The following is a direct email that was sent to me. I felt that the readers here could help support this woman. I will call her Lady M. I have posted her email as well as my response. I have encouraged her to come to this link as we will support her the best that we can.
Message: i currently live with an abusive partner with my two daughters he does not physically hit me ever but emotionally financially mentally and verbally he does just recently he took the money out of the girls piggy bank for smokes he steals money from me and i can’t kick him out surveillance calls him each night to make sure that he’s home he does have curfew i tried to phone shelters here in the city where i live but there’s no room child and welfare are involved but are not taking the kids due to me going to meetings and its okay for him to miss meetings but not me they said that if i choose to leave they wont take the kids i tried since Saturday but there’s no where to go social assistance wont give me a bus ticket or child welfare to another shelter in a different city because hes not hitting me i get money in 2 days and i can already feel a argument coming on he looks on the facebook when I’m on there reading what i type and reads my mail even on the phone when m y mom or friends or social workers phones hes right there watching me he gets mad at my kids for the smallest things and when he does not get his own way he throws a temper tantrum and kicks the table and chairs and yells and swears around the house he stole money from my wallet a few days ago and hes just being nice right now because he thinks hes getting money from me on Thursday which i tell him no but he gets it anyways he had sex with me a few weeks ago when i was sleeping and when i woke up he was on top of me i never charged him because i couldn’t believe it he would go that low I’m the only one who cooks cleans and does the house hold chores around the house he doesn’t help with anything the guy is 42 years old and cant even cook his own meals the last time i left he starved himself for a month i cant take it any longer i want something different i don’t want to argue in front of the kids anymore i;m tried and worn out of taking care of his needs i need to be with my kids only when i phone to the shelters and tell them this they don’t believe me anymore it feels like I’m being judged like I’m gonna keep coming back when enough is enough
Dear Lady M,
It broke my heart to read your email. You are really between a rock and a hard spot. Is there any way to take the money you are getting and make a run for it? I wish that I had the money to get you where you need to get.
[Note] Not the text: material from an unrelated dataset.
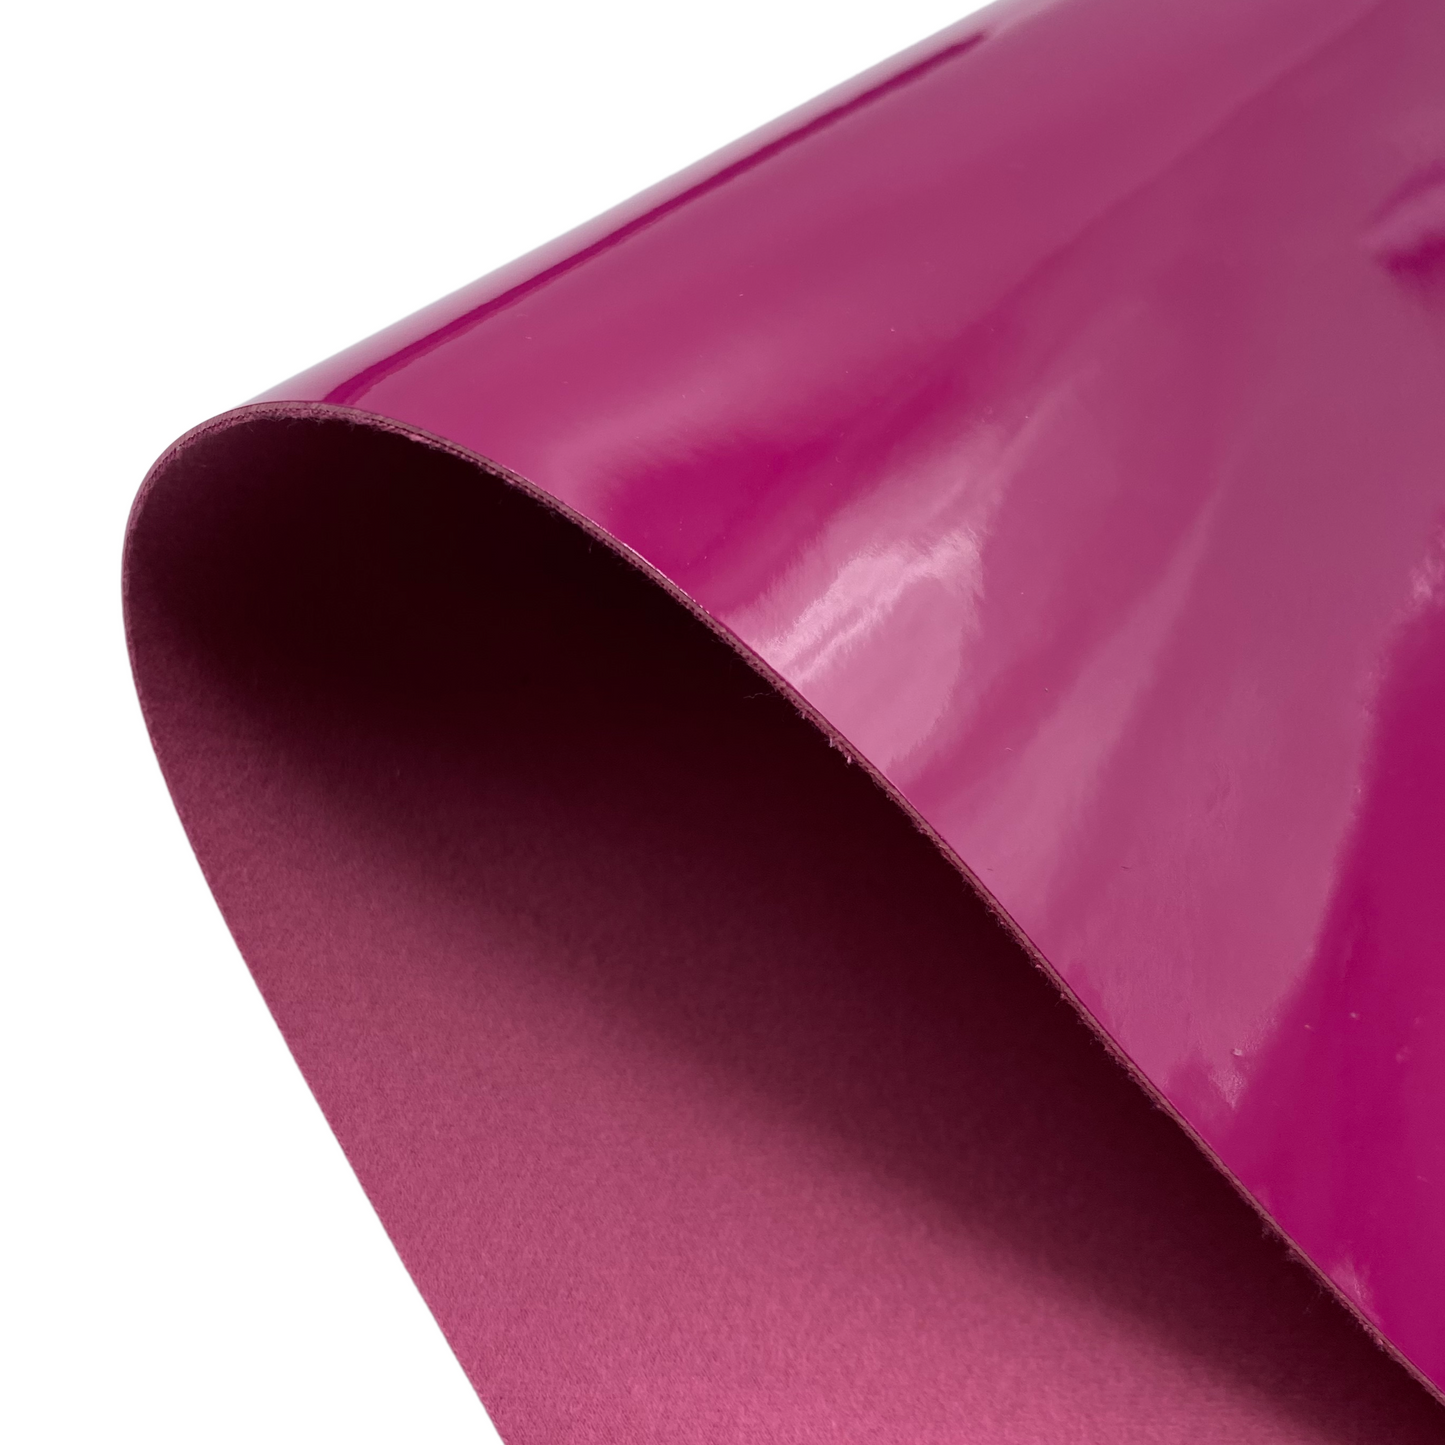 PURPLES Glossy Fabric Sheets - Pretty in Pink Supply

I would really like to recommend that you visit and write me via my website at http://www.the-laststraw.com, there is a great community of women there that are in your shoes today and can help support you. I have started a post with the email that you sent me. This is the best way to get support; I hope this is okay with you as I normally post most emails. Your real name is not used. If you wish to continue to write in the one locate for support click here…
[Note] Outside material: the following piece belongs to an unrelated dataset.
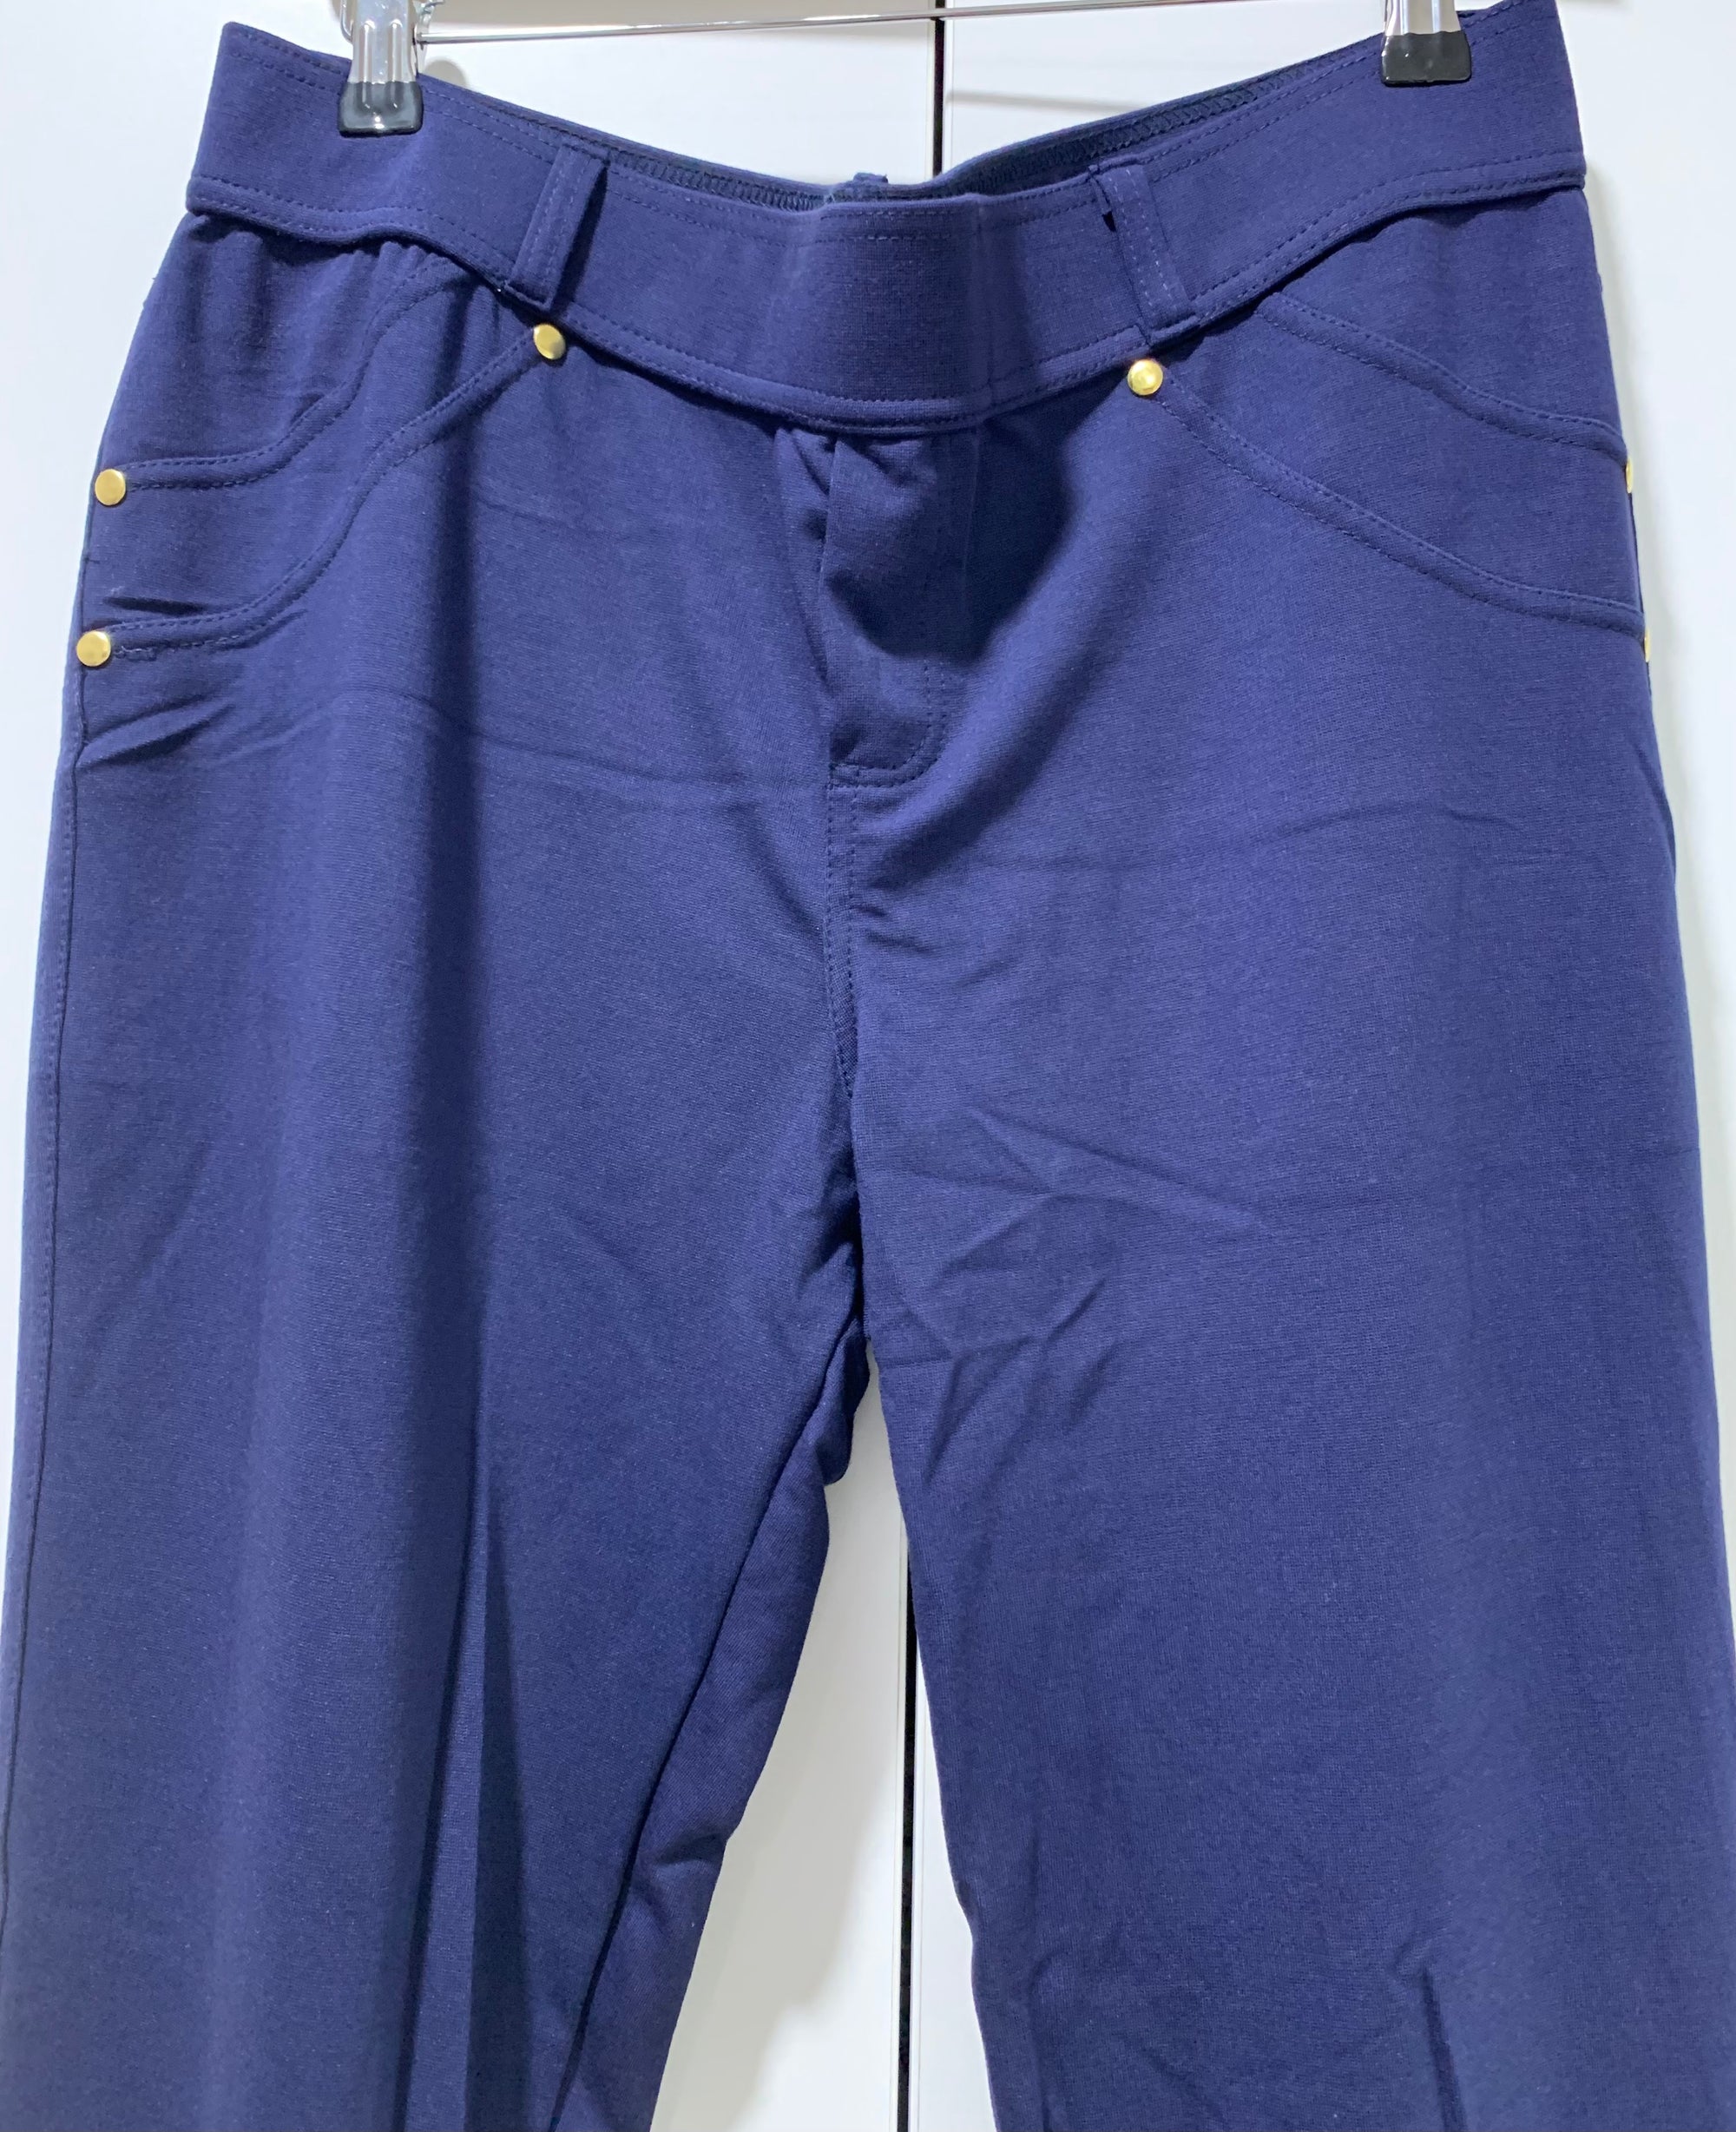 Pants with Four Way Stretch Super Elastic in Navy Blue with Gold Detail

Don’t worry about what others think, most abused men and women go back for many reasons. I went through what you are, I was finally free of him for weeks, then I went to take his son over so he could see him, the guilt from his family and he acted like he learned a lesson and had been living in his car, I let him move back in, the worst thing I could have done, my life was worse than ever because I had him live prior.
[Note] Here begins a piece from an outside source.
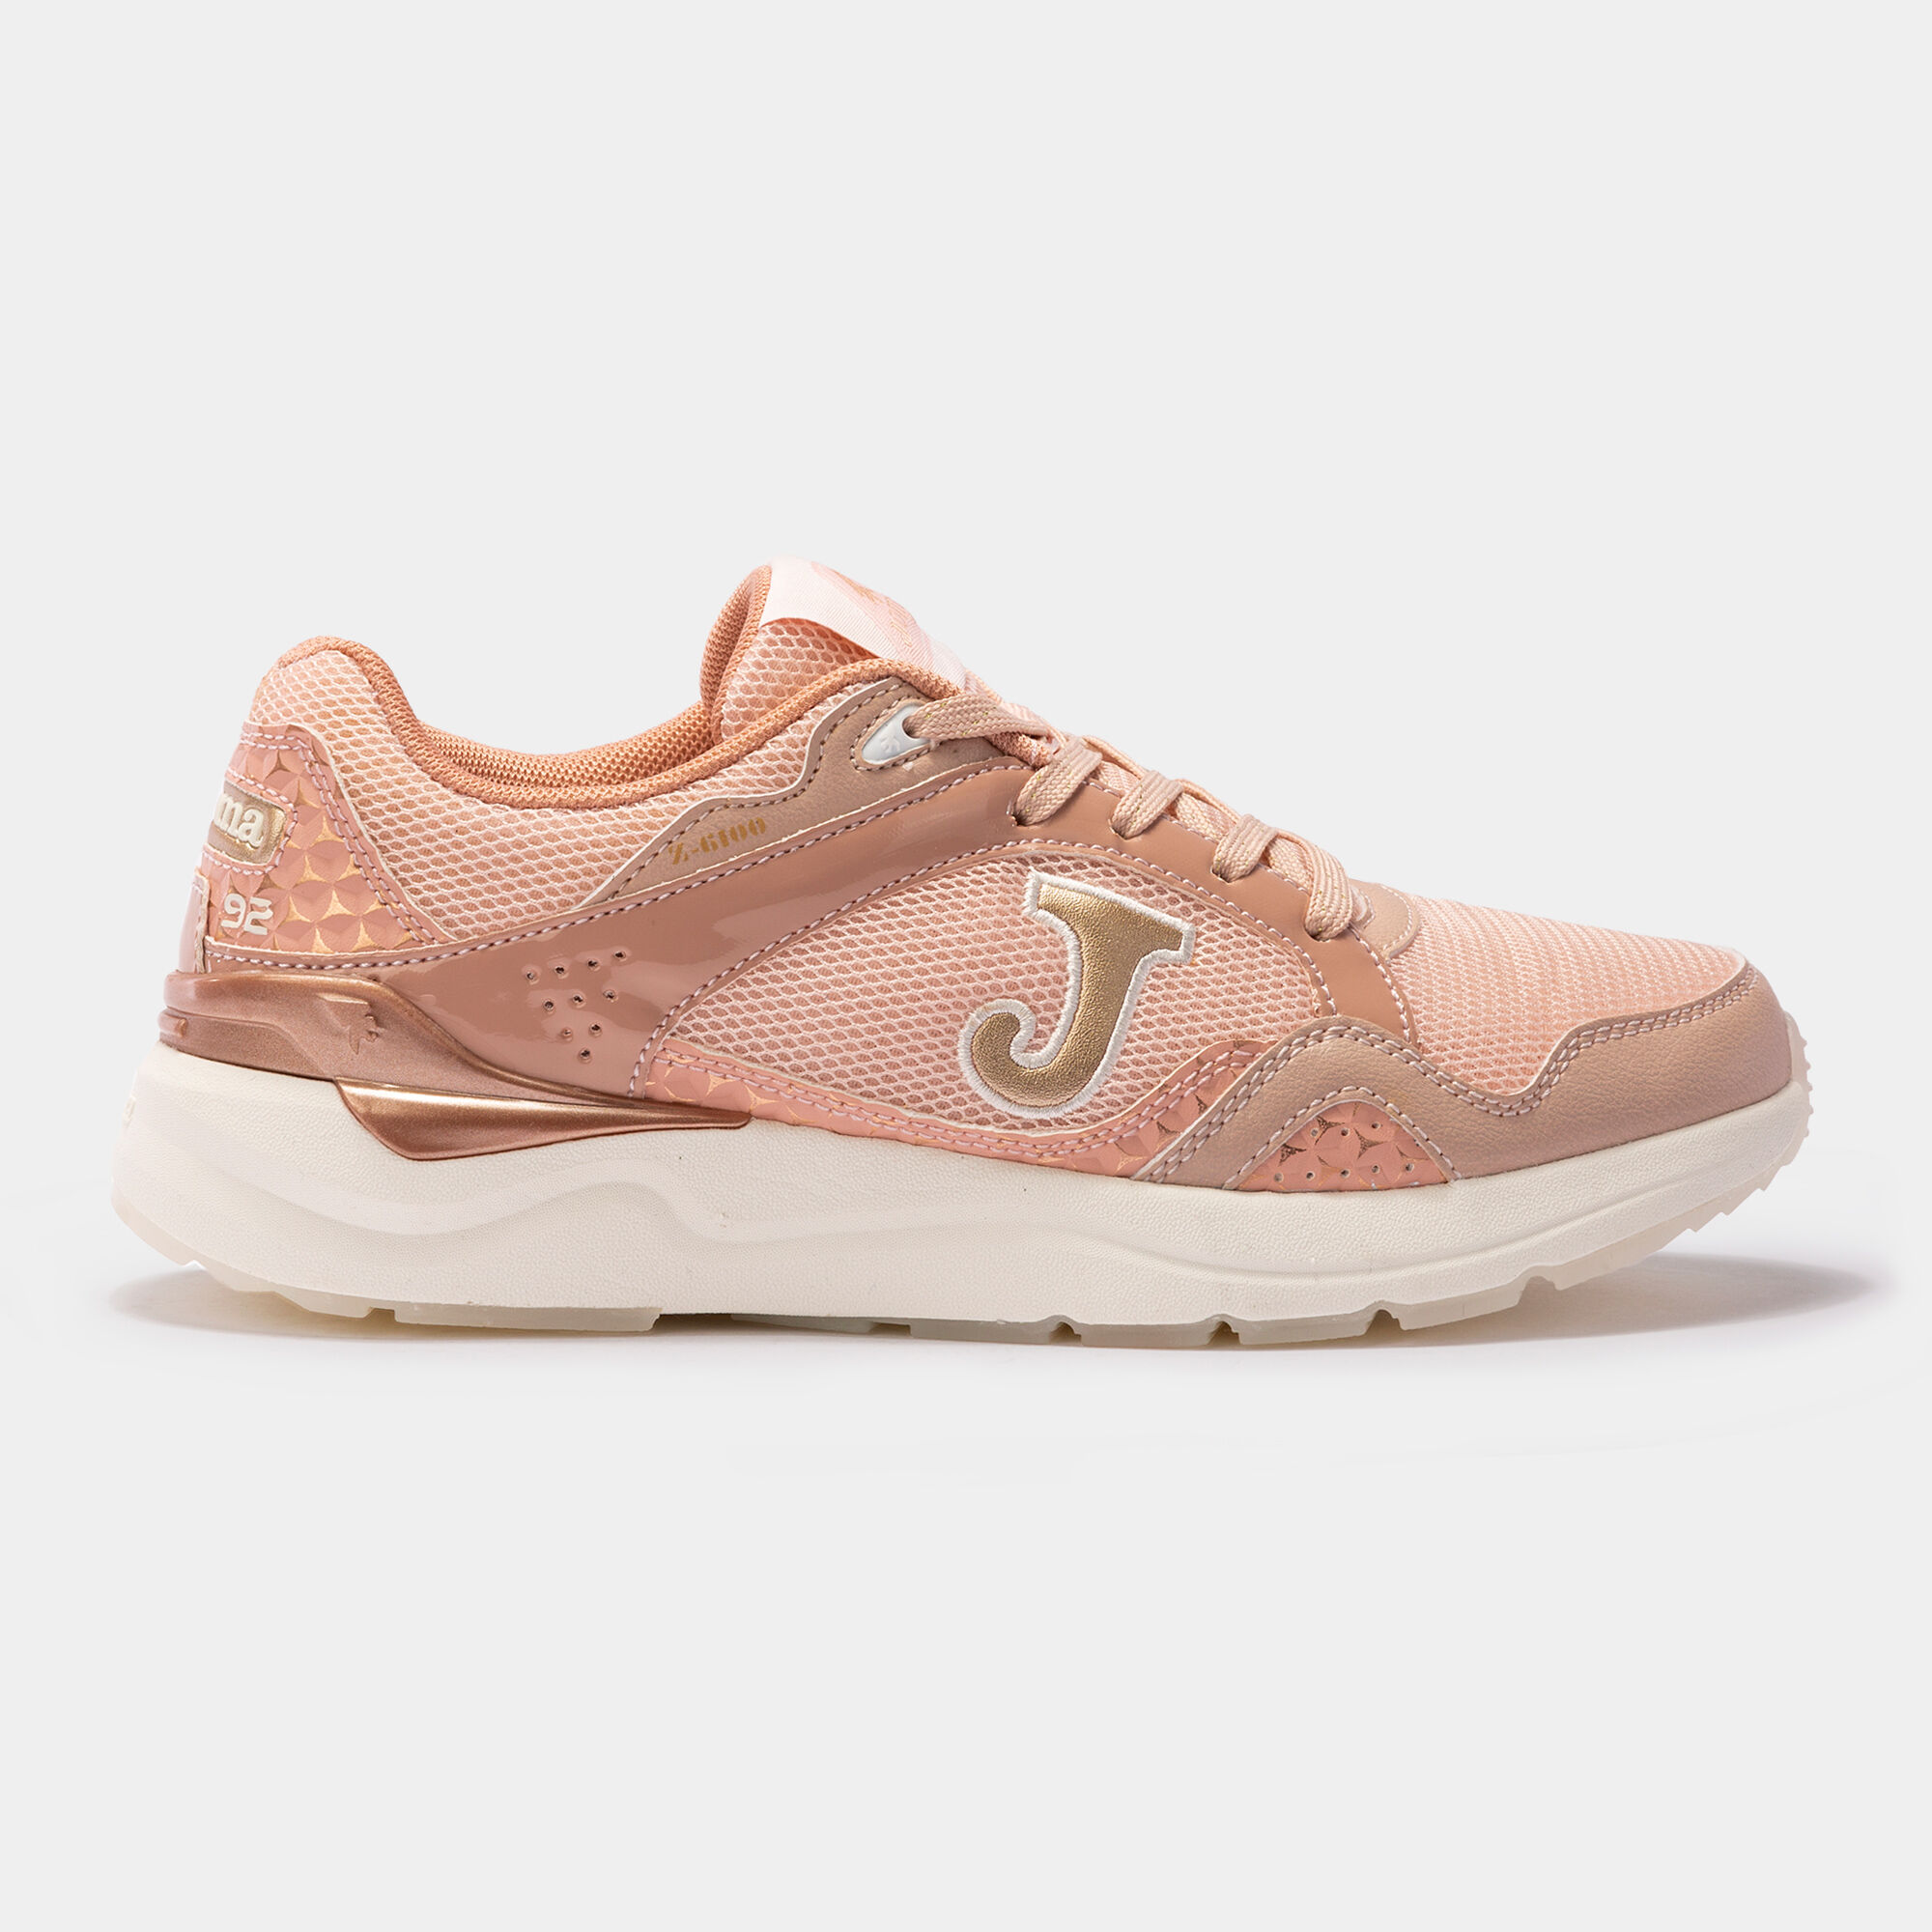 CHAUSSURES CASUAL C.6100 22 FEMME ROSE

Even if he doesn’t hit you, you need to let the police and agencies know that you fear for your life, from your words you do. Can you take the money you are getting and buy the bus tickets you wanted? Is there any family that can help you? I am not sure what agencies you are calling so here is a link that lists quite a few: http://womenslaw.org/gethelp.php and http://womenslaw.org/
Keep in touch and let us know how we can be there for you. You are in my prayers tonight.